I'd give this book two stars, one because Mary was kind of a neat character who needed a much different author (Carolyn Keene would have done, since I kept thinking of Nancy Drew), and the other star for the laughs it provided to my husband and I when I discussed it with him.
A Newbery Halloween, edited by Martin H. Greenberg and Charles G. Waugh
There are a dozen more-or-less scary (for children) stories in this neat volume that followed A Newbery Christmas. It includes a Madeleine L'Engle short story I had heard about but never read, "Poor Little Saturday," in which she drew on her Southern roots and ghost tales from her relatives to produce a story about a haunted house. Some of the stories are more nostalgic than scary (even if there is a little frisson of danger when Ramona Quimby puts on her "baddest bad witch" mask), like ""The Baddest Witch in the World" and the Halloween chapter from Eleanor Estes' The Moffats. There are creepy stories the don't even involve Halloween, just mysterious spirits, taking place in China, Japan, and Genoa, Italy.
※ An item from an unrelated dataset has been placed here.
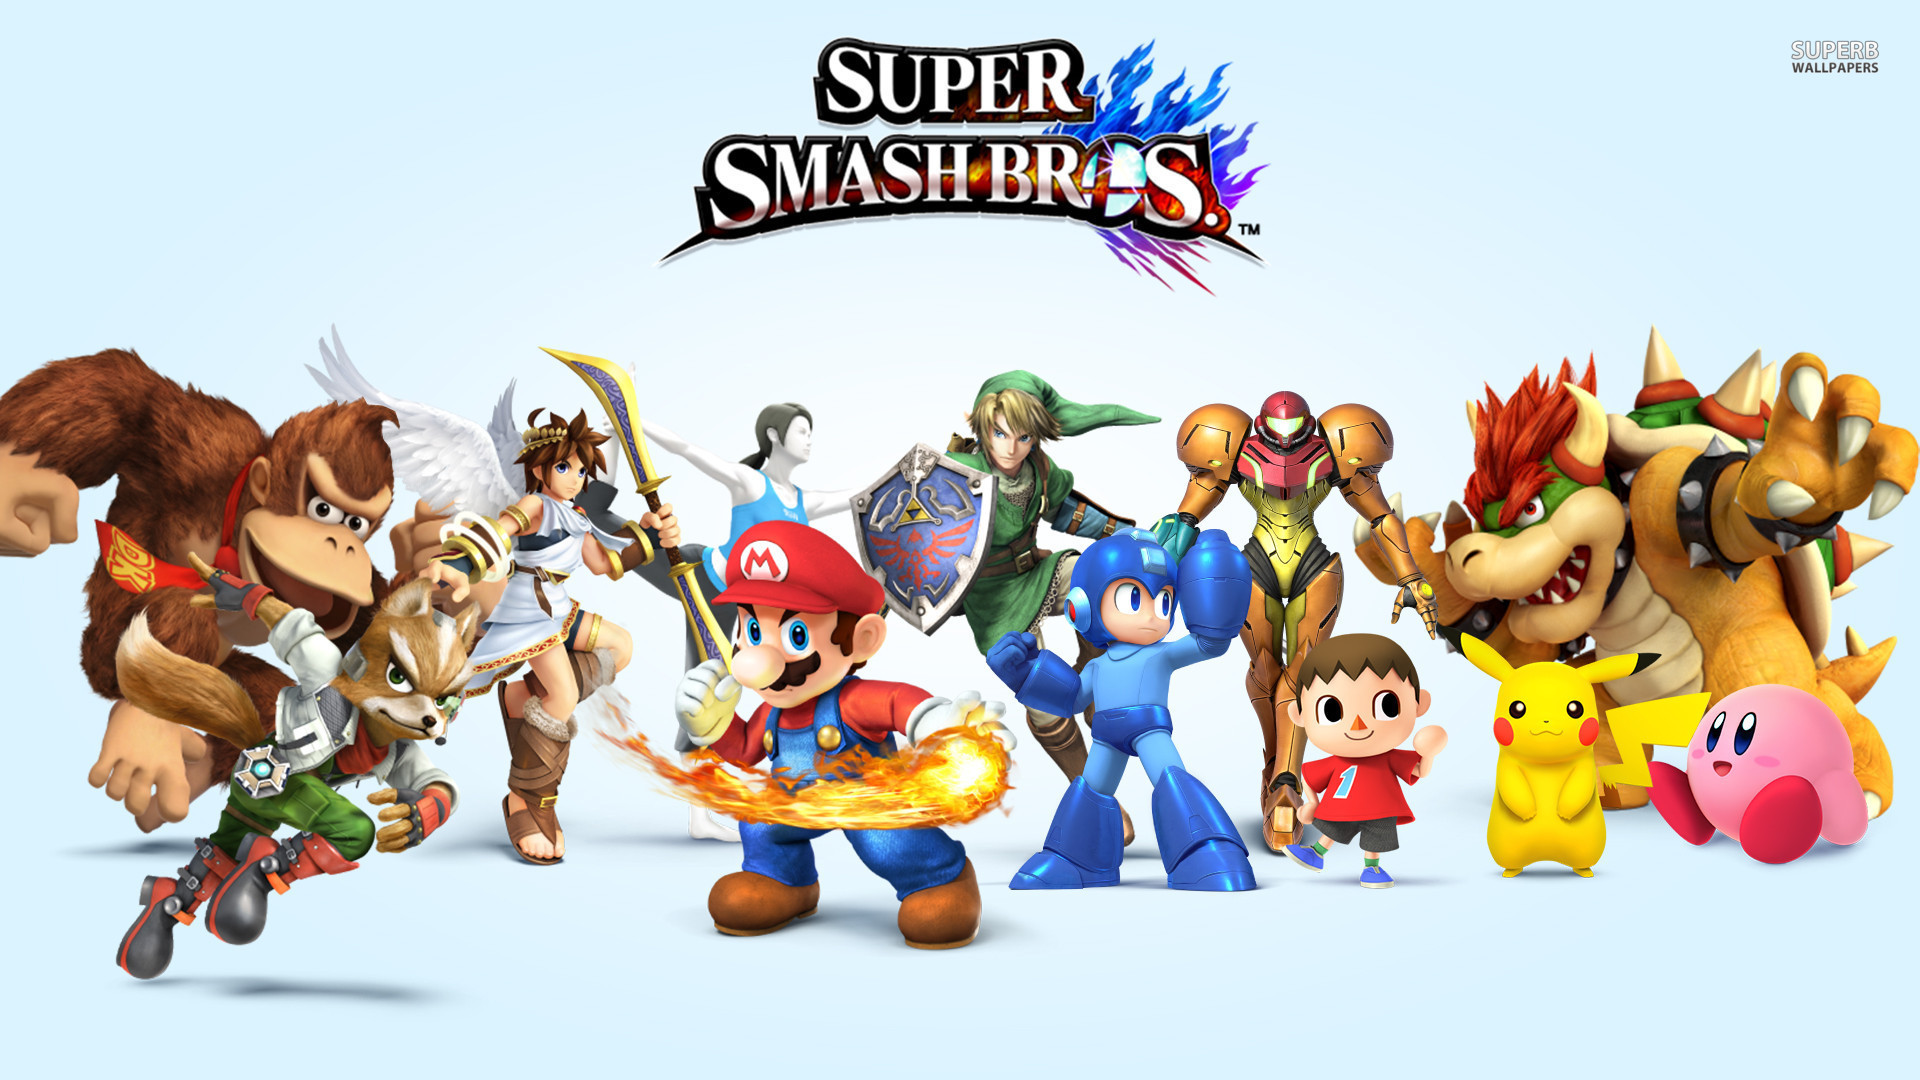 Super Smash Bros. 4 Backgrounds, Compatible - PC, Mobile, Gadgets| 1920x1080 px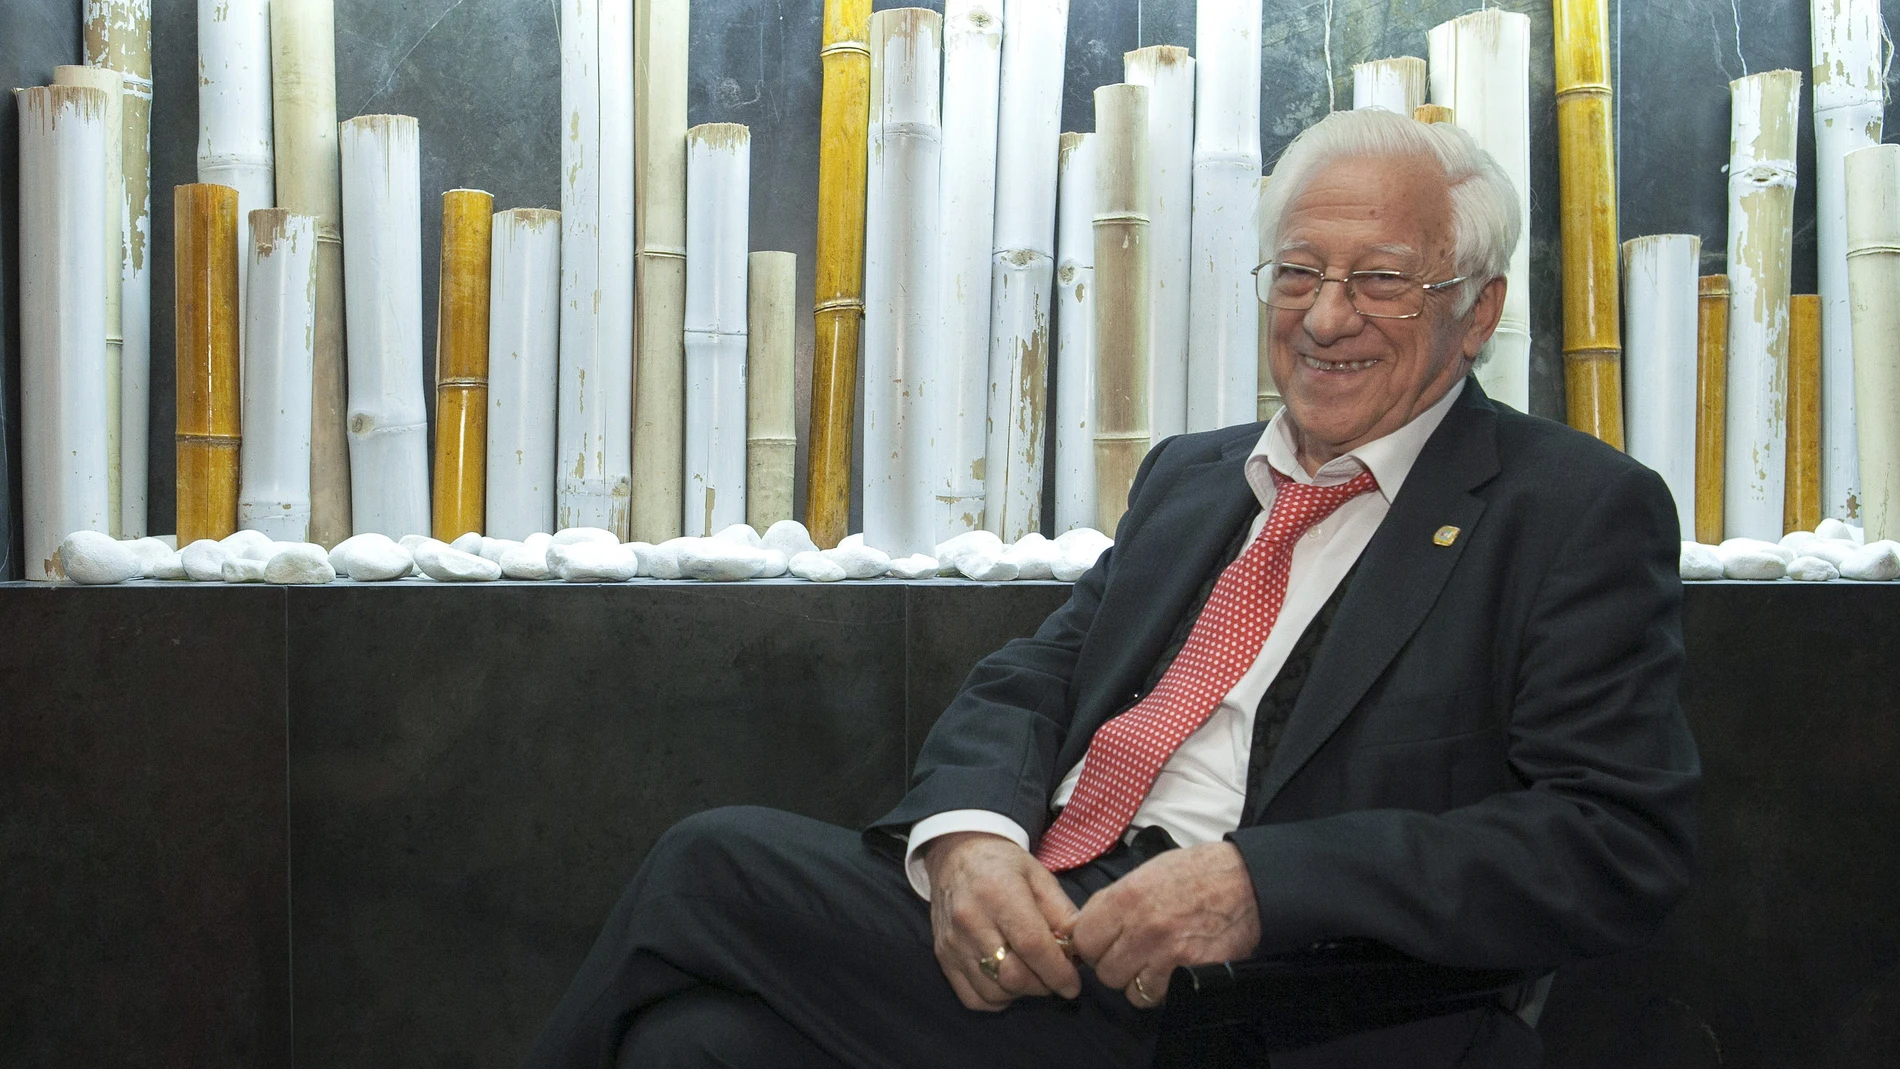 El padre Ángel, Premio Príncipe de Asturias de la Concordia en 1994, fundador y presidente de Mensajeros de la Paz

Elizabeth meets the fey Jennifer on Halloween night in Konigsburg's "A Halloween to Remember, and Virginia Hamilton recalls an African-American family's tense Halloween in "The Year Halloween Happened One Day Early." The creepiest story in the collection is "The Witch's Eye," in which two girls attempt to get rid of the titular object.
Another great Newbery collection with just the right mix of treats and tricks!